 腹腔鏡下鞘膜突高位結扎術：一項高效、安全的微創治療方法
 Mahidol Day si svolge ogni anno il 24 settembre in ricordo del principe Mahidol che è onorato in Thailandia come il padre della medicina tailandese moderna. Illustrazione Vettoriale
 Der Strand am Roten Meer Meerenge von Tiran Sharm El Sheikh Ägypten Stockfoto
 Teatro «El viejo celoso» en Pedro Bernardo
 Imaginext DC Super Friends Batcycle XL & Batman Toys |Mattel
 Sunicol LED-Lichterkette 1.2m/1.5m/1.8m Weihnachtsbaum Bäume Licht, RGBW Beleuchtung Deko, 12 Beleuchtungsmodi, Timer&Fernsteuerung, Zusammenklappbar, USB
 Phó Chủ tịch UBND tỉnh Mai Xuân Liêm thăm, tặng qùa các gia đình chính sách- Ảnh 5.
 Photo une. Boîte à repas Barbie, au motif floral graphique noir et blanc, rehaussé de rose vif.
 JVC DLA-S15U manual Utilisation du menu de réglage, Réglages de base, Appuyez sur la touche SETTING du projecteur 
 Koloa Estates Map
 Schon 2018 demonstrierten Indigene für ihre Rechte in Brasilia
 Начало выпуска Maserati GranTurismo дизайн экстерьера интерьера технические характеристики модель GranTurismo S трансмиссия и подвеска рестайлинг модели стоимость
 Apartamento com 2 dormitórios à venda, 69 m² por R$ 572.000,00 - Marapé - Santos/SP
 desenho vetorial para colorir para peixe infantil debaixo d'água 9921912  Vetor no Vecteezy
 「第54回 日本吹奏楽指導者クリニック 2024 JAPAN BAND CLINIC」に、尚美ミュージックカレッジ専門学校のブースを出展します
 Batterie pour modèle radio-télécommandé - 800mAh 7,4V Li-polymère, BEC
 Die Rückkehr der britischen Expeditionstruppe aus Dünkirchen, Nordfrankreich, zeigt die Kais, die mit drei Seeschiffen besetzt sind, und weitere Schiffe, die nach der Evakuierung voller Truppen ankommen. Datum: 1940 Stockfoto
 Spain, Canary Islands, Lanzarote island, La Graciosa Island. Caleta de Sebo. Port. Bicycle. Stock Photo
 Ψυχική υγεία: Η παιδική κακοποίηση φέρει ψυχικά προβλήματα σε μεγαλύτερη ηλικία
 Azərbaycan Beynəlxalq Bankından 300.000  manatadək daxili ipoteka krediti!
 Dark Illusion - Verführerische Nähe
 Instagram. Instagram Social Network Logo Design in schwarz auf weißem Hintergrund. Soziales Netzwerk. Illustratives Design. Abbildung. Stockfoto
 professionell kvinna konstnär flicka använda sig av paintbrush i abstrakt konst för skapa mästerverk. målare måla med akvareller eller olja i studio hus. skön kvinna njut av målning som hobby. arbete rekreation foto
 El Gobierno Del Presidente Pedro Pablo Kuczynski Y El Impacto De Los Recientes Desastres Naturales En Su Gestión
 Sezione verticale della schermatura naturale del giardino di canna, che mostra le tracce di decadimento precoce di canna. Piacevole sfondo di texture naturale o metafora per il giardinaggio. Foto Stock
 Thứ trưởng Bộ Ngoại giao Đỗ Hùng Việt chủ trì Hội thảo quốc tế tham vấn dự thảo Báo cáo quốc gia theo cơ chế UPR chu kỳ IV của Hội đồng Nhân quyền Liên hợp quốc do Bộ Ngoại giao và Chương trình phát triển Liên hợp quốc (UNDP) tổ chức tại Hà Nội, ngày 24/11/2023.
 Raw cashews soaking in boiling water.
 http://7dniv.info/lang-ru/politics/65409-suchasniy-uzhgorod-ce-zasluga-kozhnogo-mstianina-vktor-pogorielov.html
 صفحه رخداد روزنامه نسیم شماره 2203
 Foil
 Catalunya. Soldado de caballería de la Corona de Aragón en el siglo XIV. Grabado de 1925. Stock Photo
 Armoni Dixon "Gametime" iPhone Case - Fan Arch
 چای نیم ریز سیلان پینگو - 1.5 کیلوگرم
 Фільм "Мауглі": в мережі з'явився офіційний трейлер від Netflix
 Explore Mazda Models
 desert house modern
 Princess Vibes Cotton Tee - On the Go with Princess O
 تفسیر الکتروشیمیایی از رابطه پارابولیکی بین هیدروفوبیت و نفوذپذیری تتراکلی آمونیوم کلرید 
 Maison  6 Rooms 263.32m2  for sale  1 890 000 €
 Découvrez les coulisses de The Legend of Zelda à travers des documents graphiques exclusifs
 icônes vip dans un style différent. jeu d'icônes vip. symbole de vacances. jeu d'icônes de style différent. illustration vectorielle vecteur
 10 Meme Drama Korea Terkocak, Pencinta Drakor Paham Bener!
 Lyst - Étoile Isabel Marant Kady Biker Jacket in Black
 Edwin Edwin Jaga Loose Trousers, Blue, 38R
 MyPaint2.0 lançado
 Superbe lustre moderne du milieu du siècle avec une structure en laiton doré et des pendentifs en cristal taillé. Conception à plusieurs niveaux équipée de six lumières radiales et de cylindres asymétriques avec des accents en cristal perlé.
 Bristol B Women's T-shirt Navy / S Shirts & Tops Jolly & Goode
# # # # #
Using the records above, write out exactly the lines between the one holding "Koloa Estates Map" and the one holding "Instagram. Instagram Social", inclusive; leave everything else out.

EXERCISE ANSWER:
 Koloa Estates Map
 Schon 2018 demonstrierten Indigene für ihre Rechte in Brasilia
 Начало выпуска Maserati GranTurismo дизайн экстерьера интерьера технические характеристики модель GranTurismo S трансмиссия и подвеска рестайлинг модели стоимость
 Apartamento com 2 dormitórios à venda, 69 m² por R$ 572.000,00 - Marapé - Santos/SP
 desenho vetorial para colorir para peixe infantil debaixo d'água 9921912  Vetor no Vecteezy
 「第54回 日本吹奏楽指導者クリニック 2024 JAPAN BAND CLINIC」に、尚美ミュージックカレッジ専門学校のブースを出展します
 Batterie pour modèle radio-télécommandé - 800mAh 7,4V Li-polymère, BEC
 Die Rückkehr der britischen Expeditionstruppe aus Dünkirchen, Nordfrankreich, zeigt die Kais, die mit drei Seeschiffen besetzt sind, und weitere Schiffe, die nach der Evakuierung voller Truppen ankommen. Datum: 1940 Stockfoto
 Spain, Canary Islands, Lanzarote island, La Graciosa Island. Caleta de Sebo. Port. Bicycle. Stock Photo
 Ψυχική υγεία: Η παιδική κακοποίηση φέρει ψυχικά προβλήματα σε μεγαλύτερη ηλικία
 Azərbaycan Beynəlxalq Bankından 300.000  manatadək daxili ipoteka krediti!
 Dark Illusion - Verführerische Nähe
 Instagram. Instagram Social Network Logo Design in schwarz auf weißem Hintergrund. Soziales Netzwerk. Illustratives Design. Abbildung. Stockfoto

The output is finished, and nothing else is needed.